I’m one to talk. About being a lazy writer, that is.
Some weeks I publish two blog posts, an audio blog and a podcast episode. Others, zilch—crickets have more to say to one another than my fingers do to the keyboard.
But I’m getting better. That’s why I’m sharing with you three hacks I’ve discovered that have kicked my lazy writing self into a less lazy writing self. And maybe they’re not truly hacks. Maybe they’re just a return to how great writers write and how not-so-great writers can still get the job done—with gusto.
1. Write When It’s Inconvenient
In all my 41 years, I’ve read countless bits of advice to writers on creating comfortable writing environments. Undertaking the task of “morning pages,” where you write first thing in the morning before anything else. Building a nook. Having a door to close. And all these tips were supposed to make me a prolific writer.
Instead, I’ve found that writing when it’s most inconvenient is how I'm the most creative. The fact is, we can’t schedule when we feel something about something. All we can do is respond to the call when the creativity bell rings. That’s why I drop what I’m doing and get to writing. Even if I’m on a deadline. If a client call is looming. It doesn’t matter. I write.
And when I write like that, in those unscheduled and most inconvenient moments for which my Google calendar would surely smack me around should it ever discover, the result is pieces where I have a strong point of view because I’m feeling something in the moment. And those are the pieces my audience latches onto like a shark to an unlucky swimmer.
In the world of online content, there’s nothing wrong with chumming the waters with the blood and guts of the realities of life and business as we know it. Which is why I have begun to …
2. Read More of Anything But Books
Step away from the self help and business/marketing sections at your local bookstore or on Amazon. Hands where I can see them, please. And ditch the print magazines (for a moment) while you’re at it. I’m not saying they’re bunk (as I’m a lifelong bibliophile and such would be blasphemy). I’m just saying they’re not going to make you a less lazy writer—they’re going to make you more lazy.
Reading books and magazines is a passive process—they command your attention from cover to cover. But you need something shorter, more incidental to amp up your writing flow.
Twice a day, I pour through online news sites of varying ilk.
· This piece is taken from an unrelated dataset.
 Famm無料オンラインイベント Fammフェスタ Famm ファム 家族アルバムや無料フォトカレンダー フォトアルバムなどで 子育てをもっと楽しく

I find headlines that catch my eye, click through and devour. At least once a day, I discover a point of view so moving that I myself am moved to write. Whether I agree or disagree is of no consequence. The thing is, I’m writing. And it’s there that I become un-lazy.
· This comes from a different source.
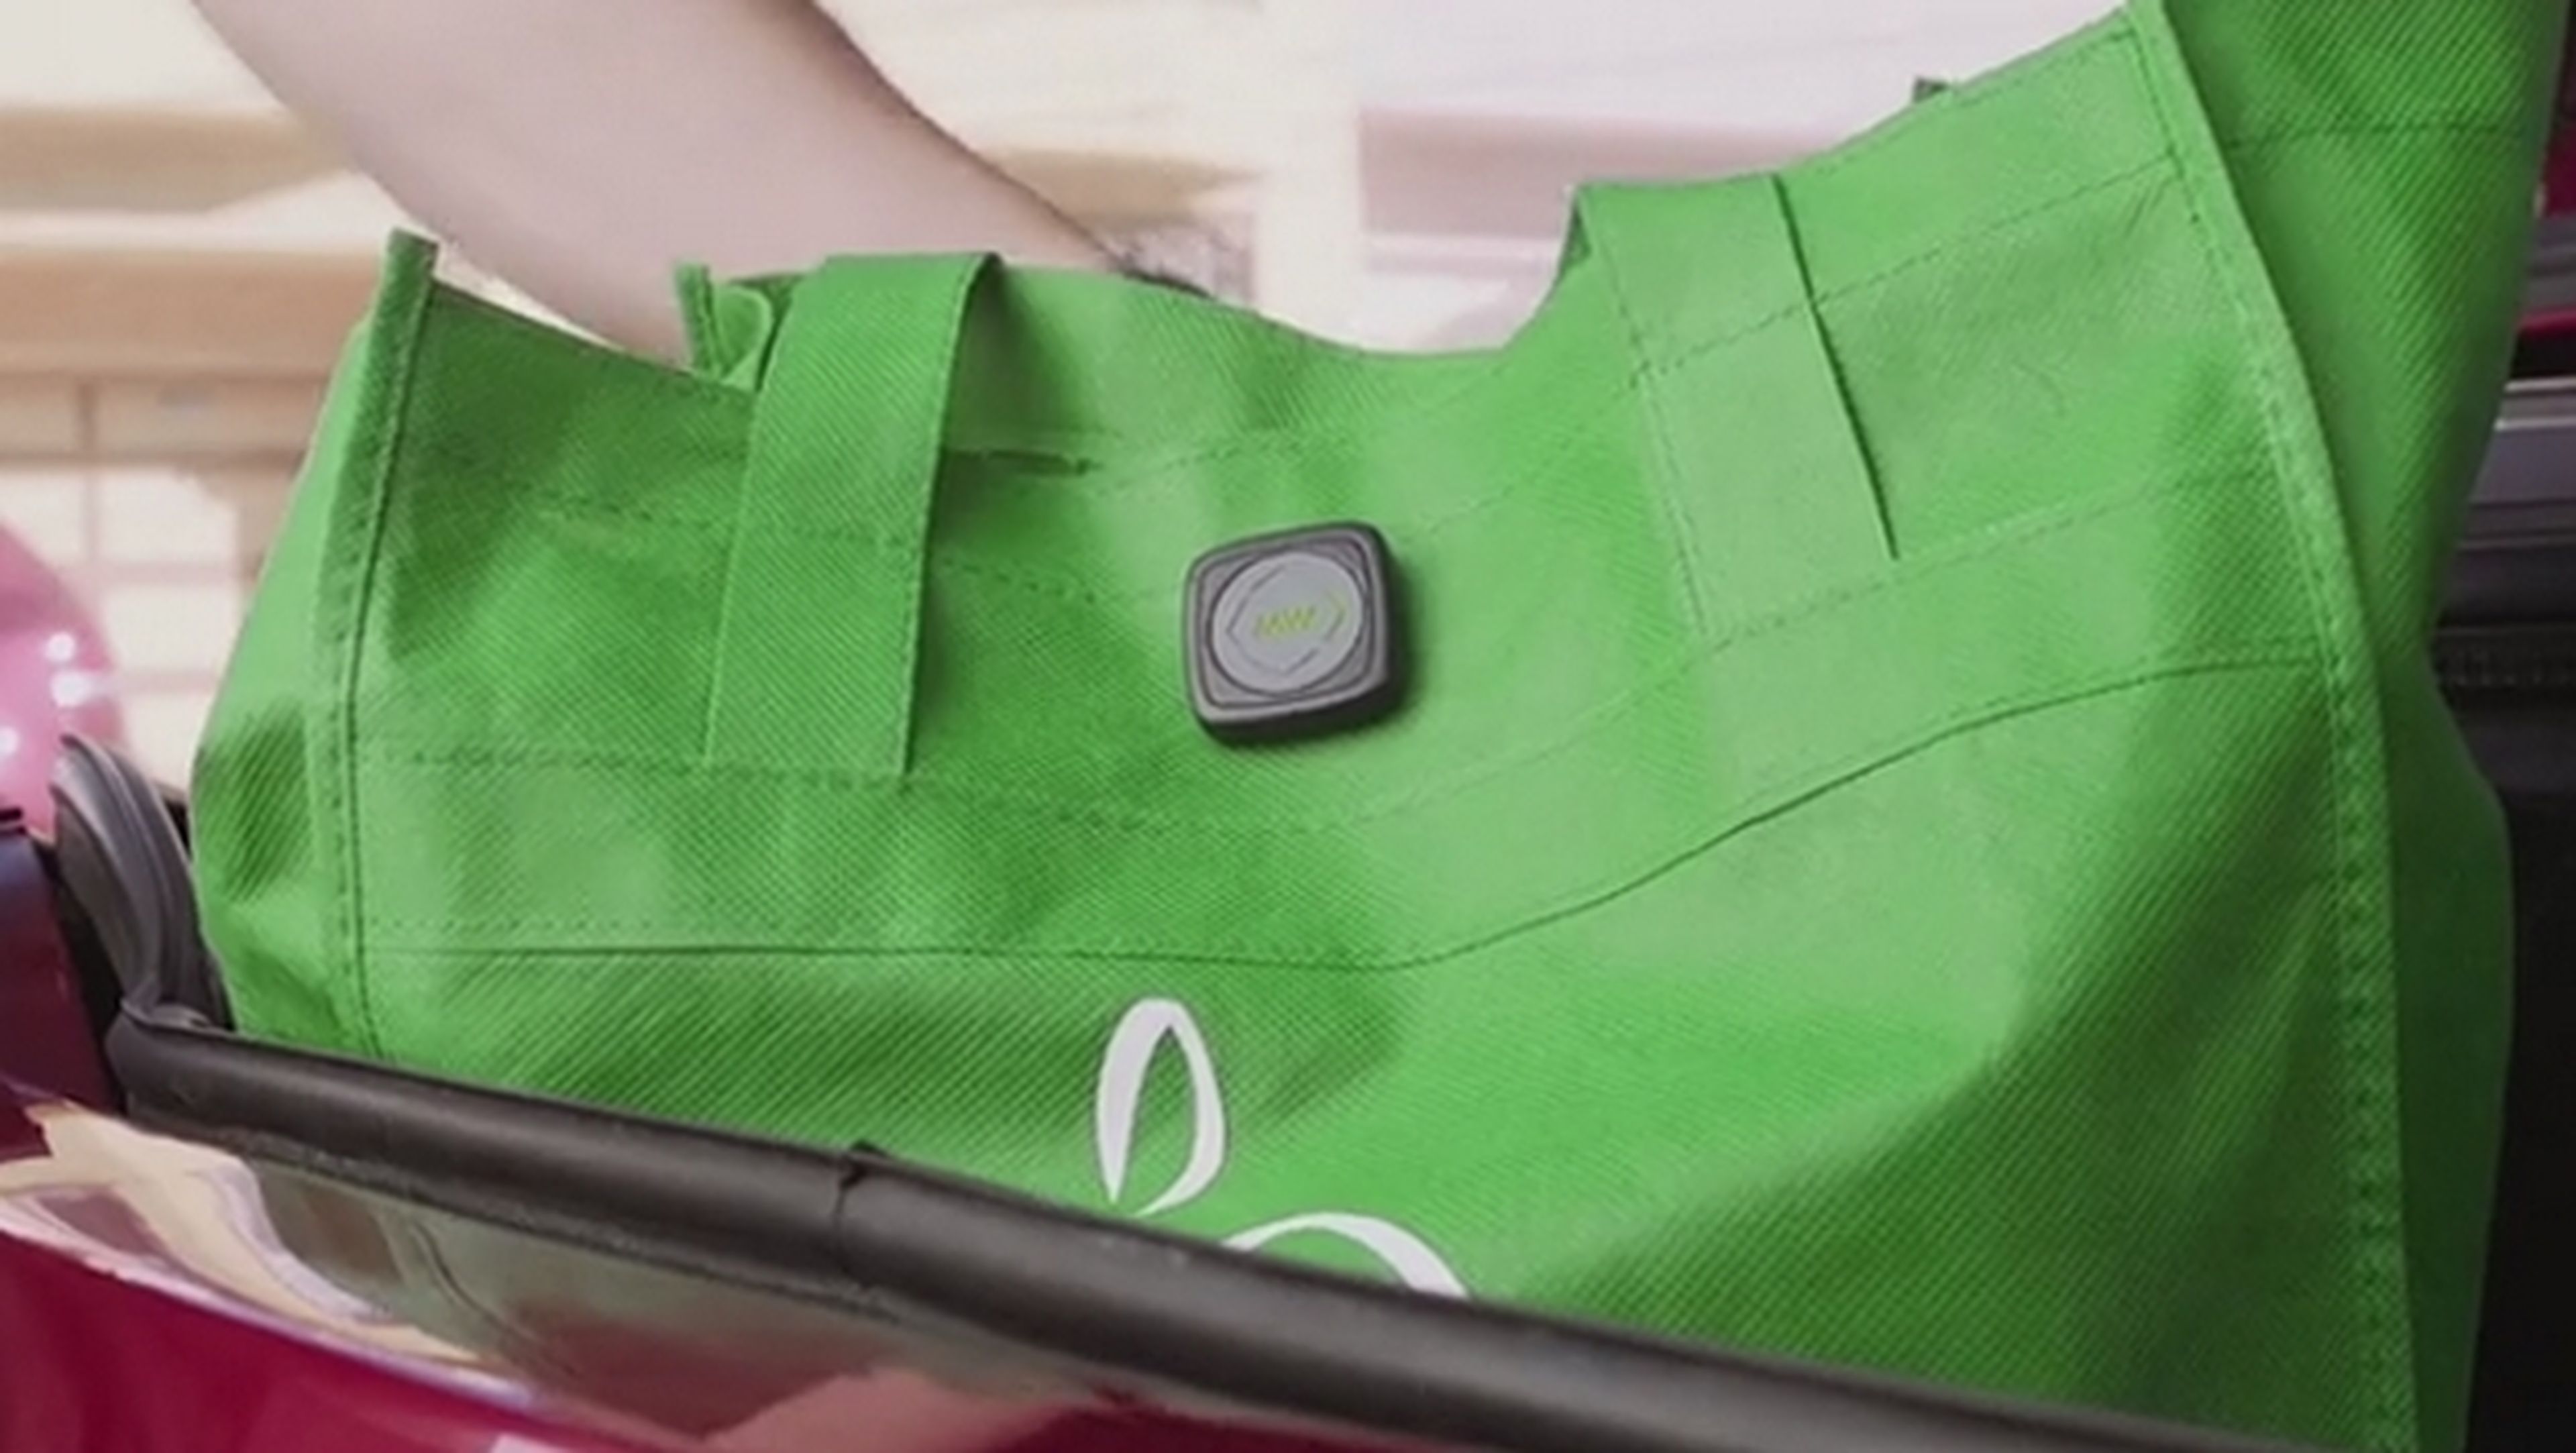 Este botón convierte cualquier objeto en un wearable con sensores

When you’re in the midst of running your business, life is happening all around you. If you’re tired of reading the same 12 blog posts every week from the same 20 industry poobahs, just stop. Instead, read voraciously of the daily news and plights, triumphs and quandaries of people who are unlike you. Therein, you might find that the words begin to flow.
Sometimes, however, you’ll find it’s not convenient to inconveniently write about these topics that inspire you. That’s why you should …
3. Carry a Notebook
No, not like this. I'm talking about a bound thing that fits in your bag. And no, it can’t be the Notes application on your smart device. Pen in hand, ink to paper. Because when your brain connects your thoughts with a pen and then to paper, neurons fire. Hearts swell. Ideas flow. And that, my fellow lazy writing friends, is what you crave—those words and thoughts you’re terrified to lose if left alone in the Arkham Asylum called your head.
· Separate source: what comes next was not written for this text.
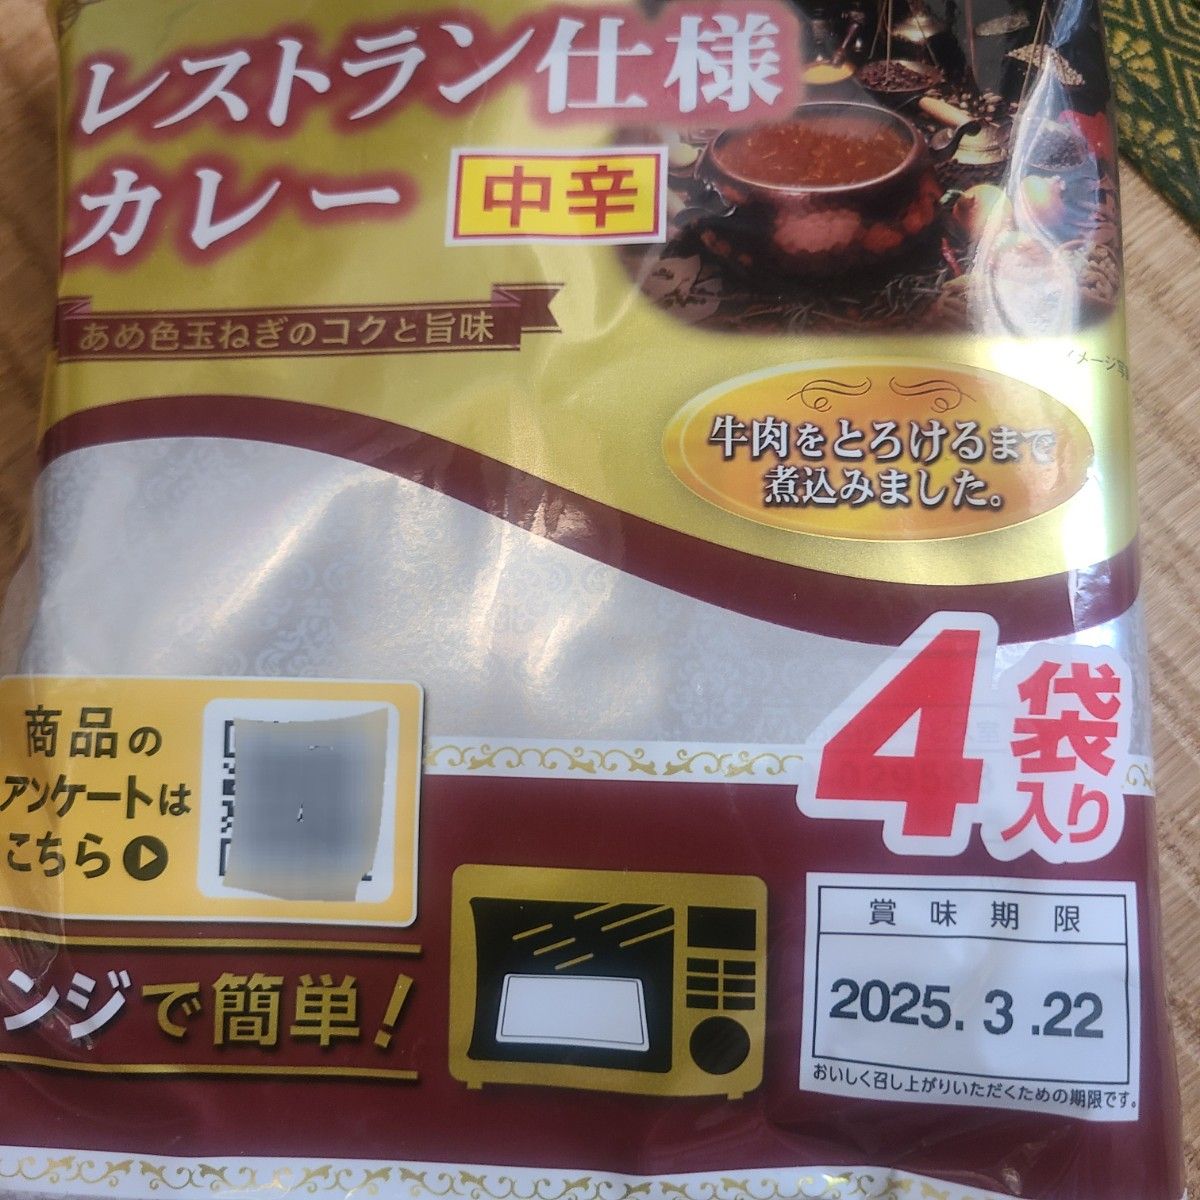 レストラン仕様カレー中辛8食セット レトルトカレー 日本ハム

Notebooks can be whipped out unapologetically mid-power lunch or between train stops. They can peek out during a meeting and be slipped gently back in your bag. The most important thing is that your ideas no longer have a chance to escape.
At the end of every day, I review my notebook, surprising myself more often than not with what I thought was worthy of remembering. And every now and again, there’s a gem, so I end my day by writing, inspired solely by a thought I pledged to never let escape through writing it down.
If you find yourself a writer (or needing to be one) and are hamstrung by your professed laziness, congrats! You and I can go grab a latte the next time we’re supposed to be writing (because we all know how we hate to be told what we’re supposed to be doing).
OK, not really. Instead, write when you're inspired, ready to screw up your schedule in the name of thoughts you can’t contain. Shelve the books, and get up close and personal with the digital screens of daily life. Devour opinions contrary to your own so yours become more clear. And most important, put ink to paper, and never let a brilliant idea slip into the ether again.
You just might find that your lazy writer self, by leveraging your lazy, might become more prolific—with purpose—than ever.